*TASK ITEM:* Your output should be the lines below from the one with "EDF's power generation" through the one with "18k rose gold", copied exactly, pictures excluded.

*TASK DATA:*
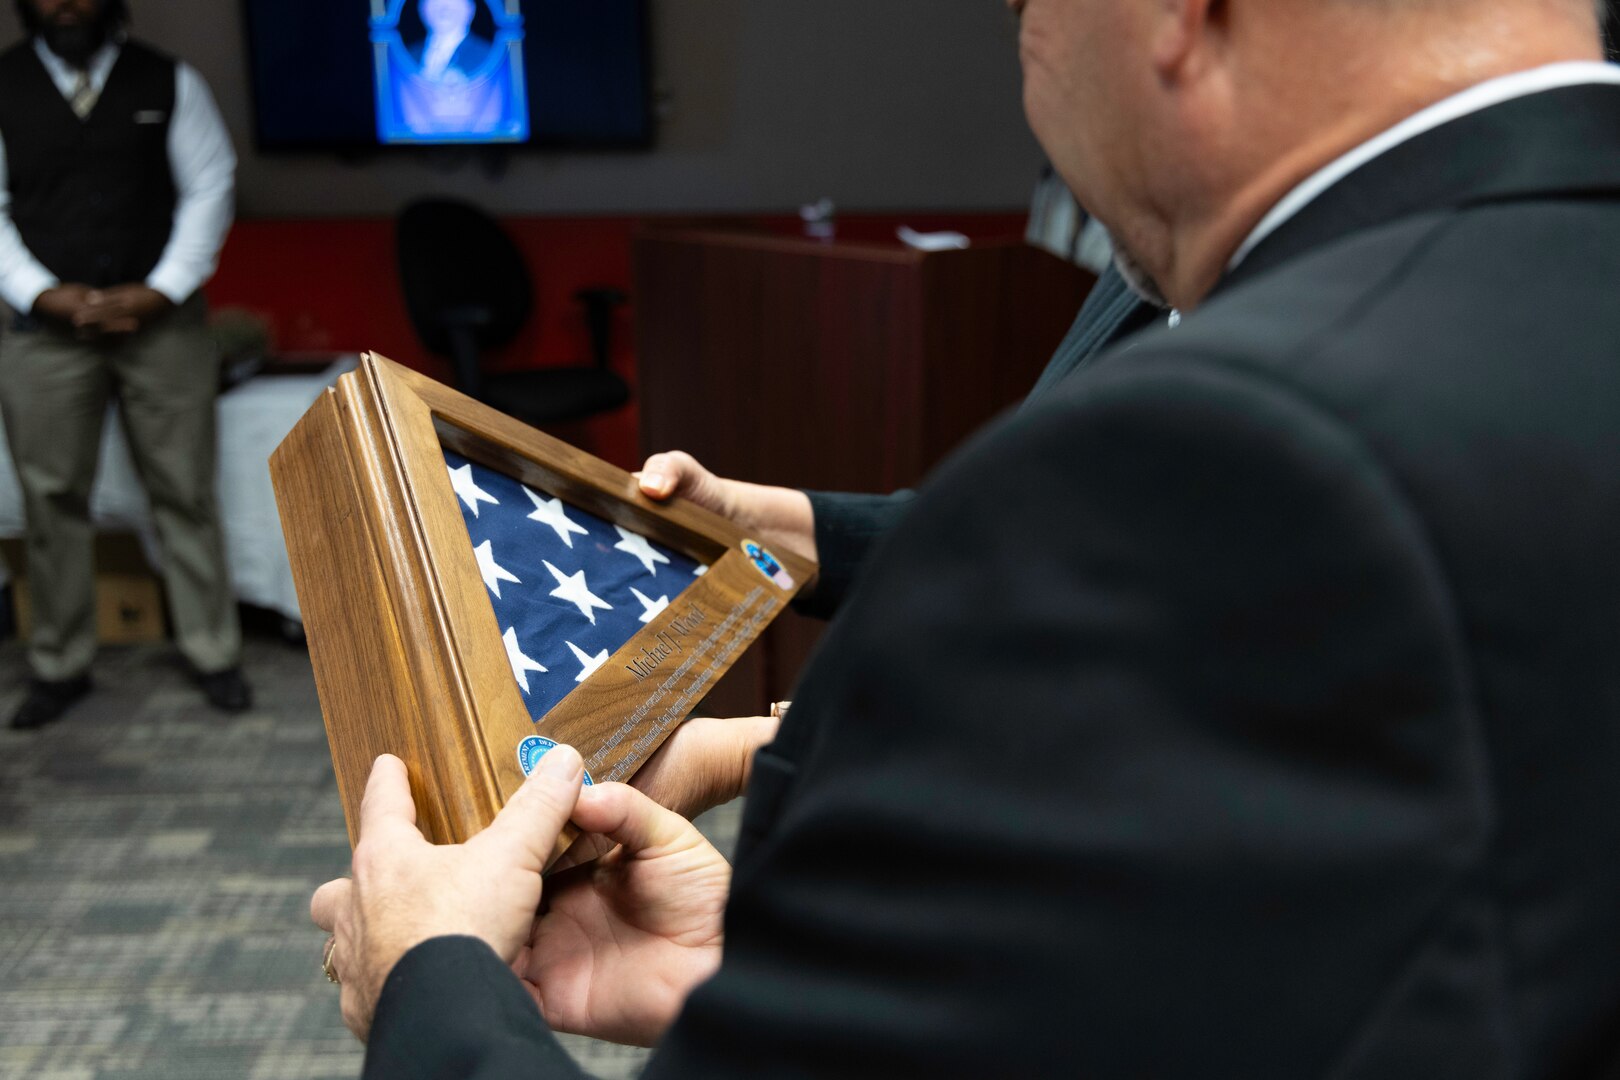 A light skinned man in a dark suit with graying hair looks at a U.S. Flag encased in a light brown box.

* * *

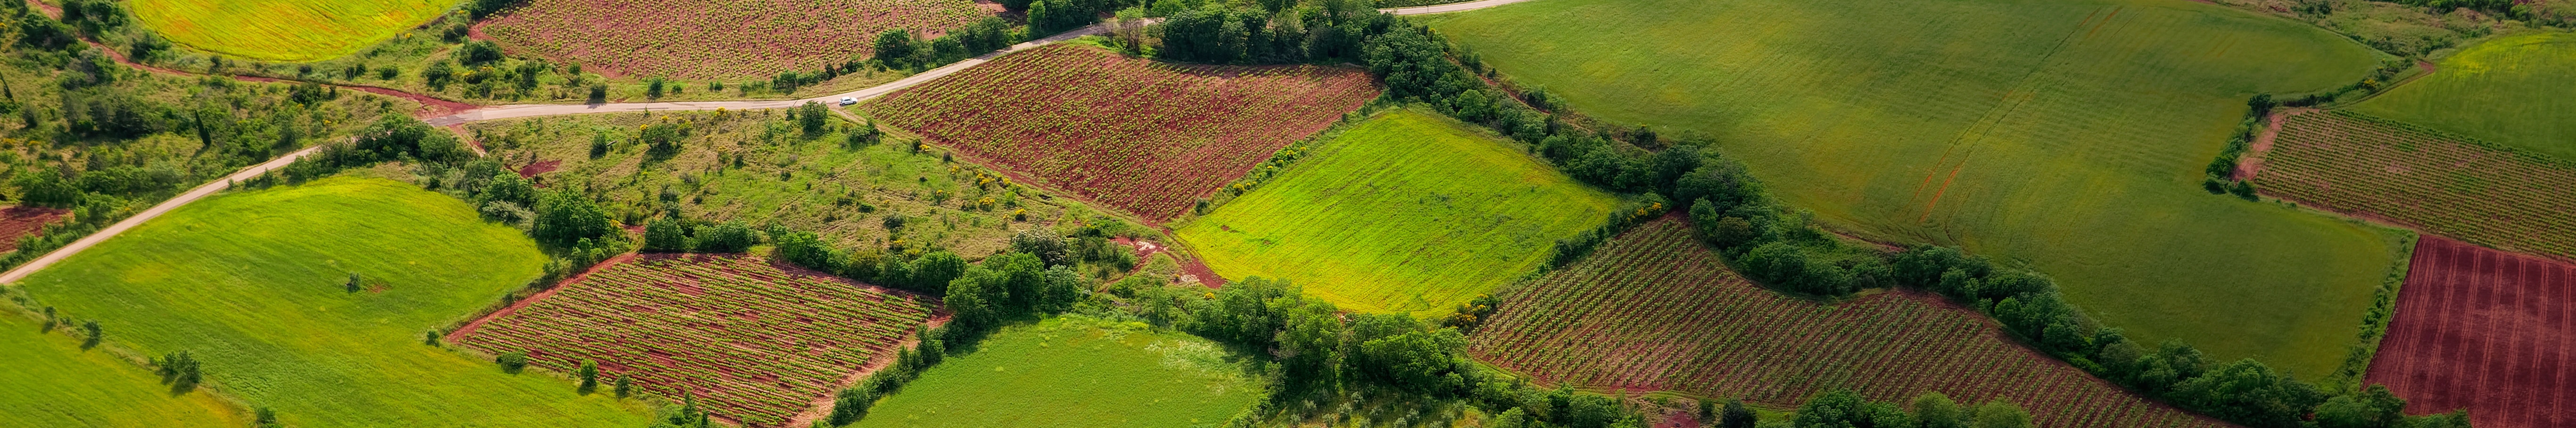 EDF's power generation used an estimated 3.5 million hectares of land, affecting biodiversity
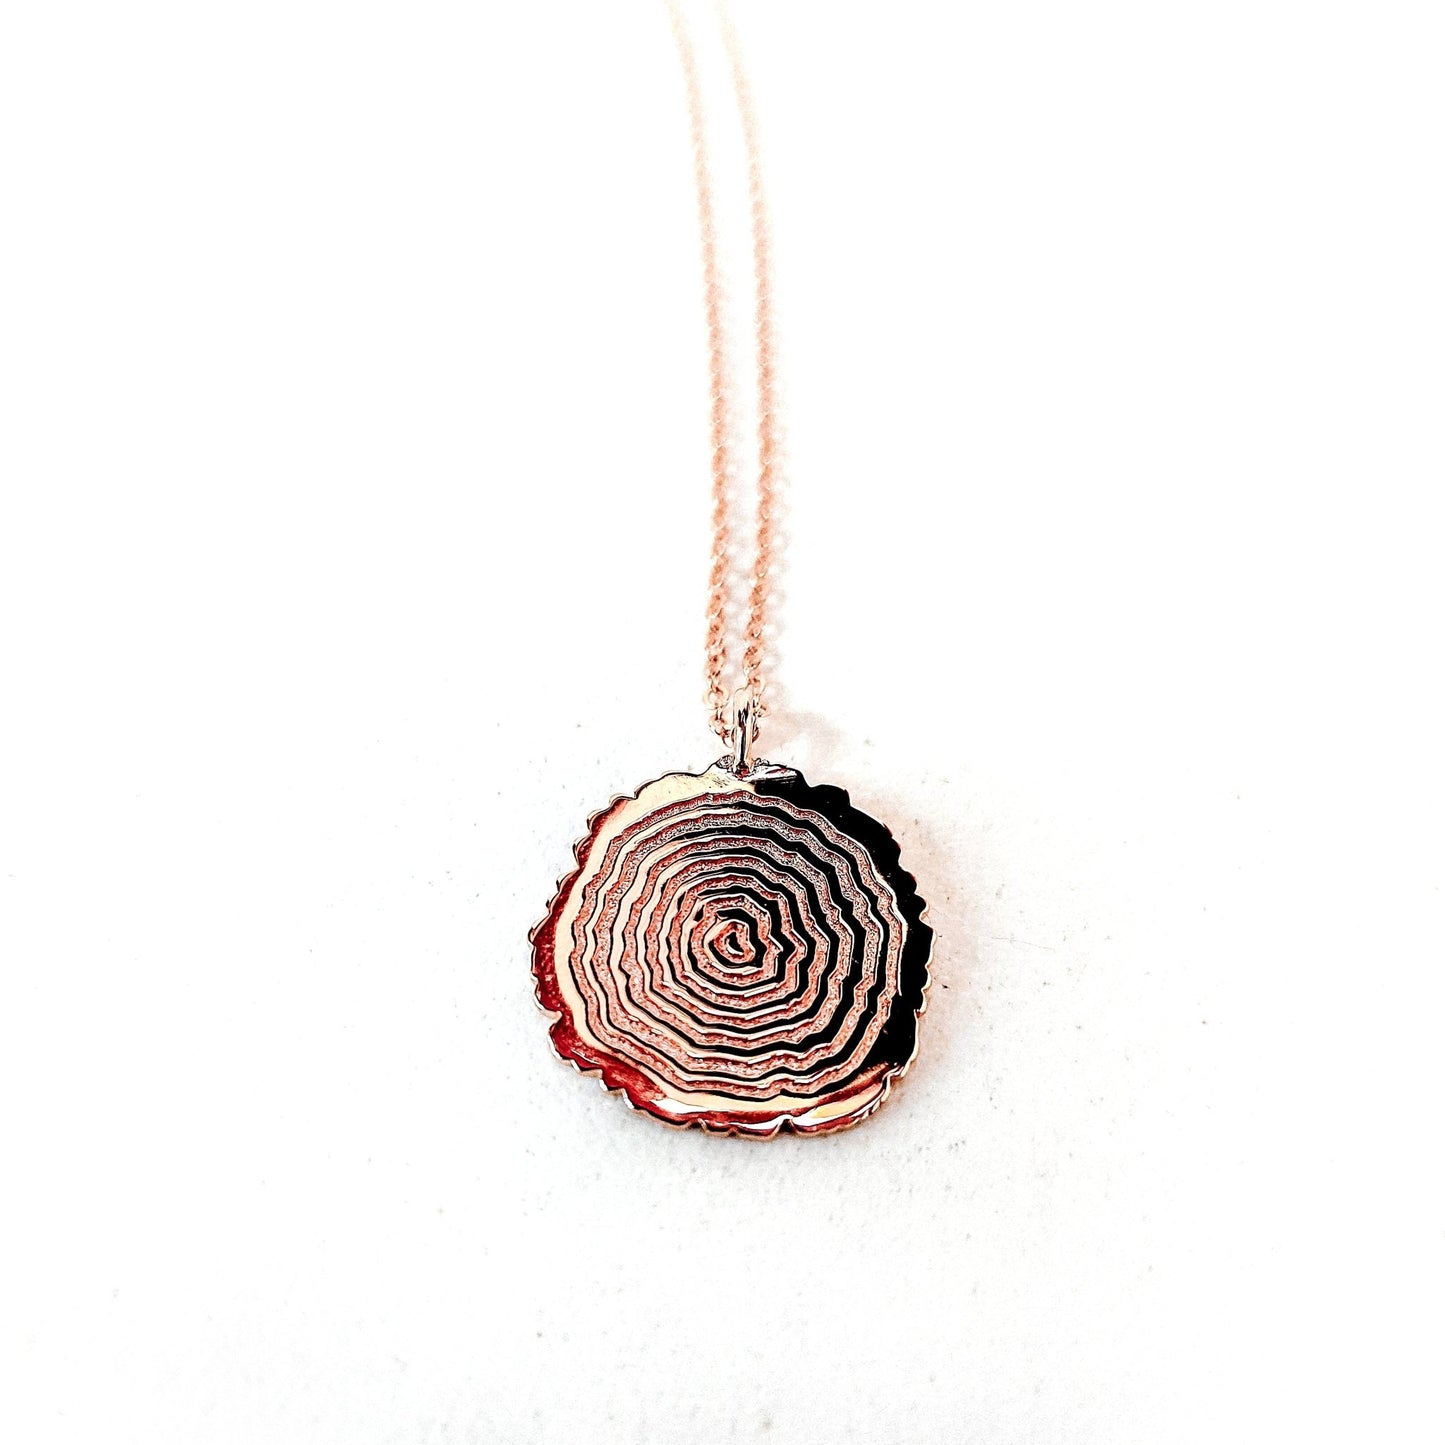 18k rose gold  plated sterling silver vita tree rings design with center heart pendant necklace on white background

*PROBLEM SOLUTION:*
 EDF's power generation used an estimated 3.5 million hectares of land, affecting biodiversity
 18k rose gold  plated sterling silver vita tree rings design with center heart pendant necklace on white background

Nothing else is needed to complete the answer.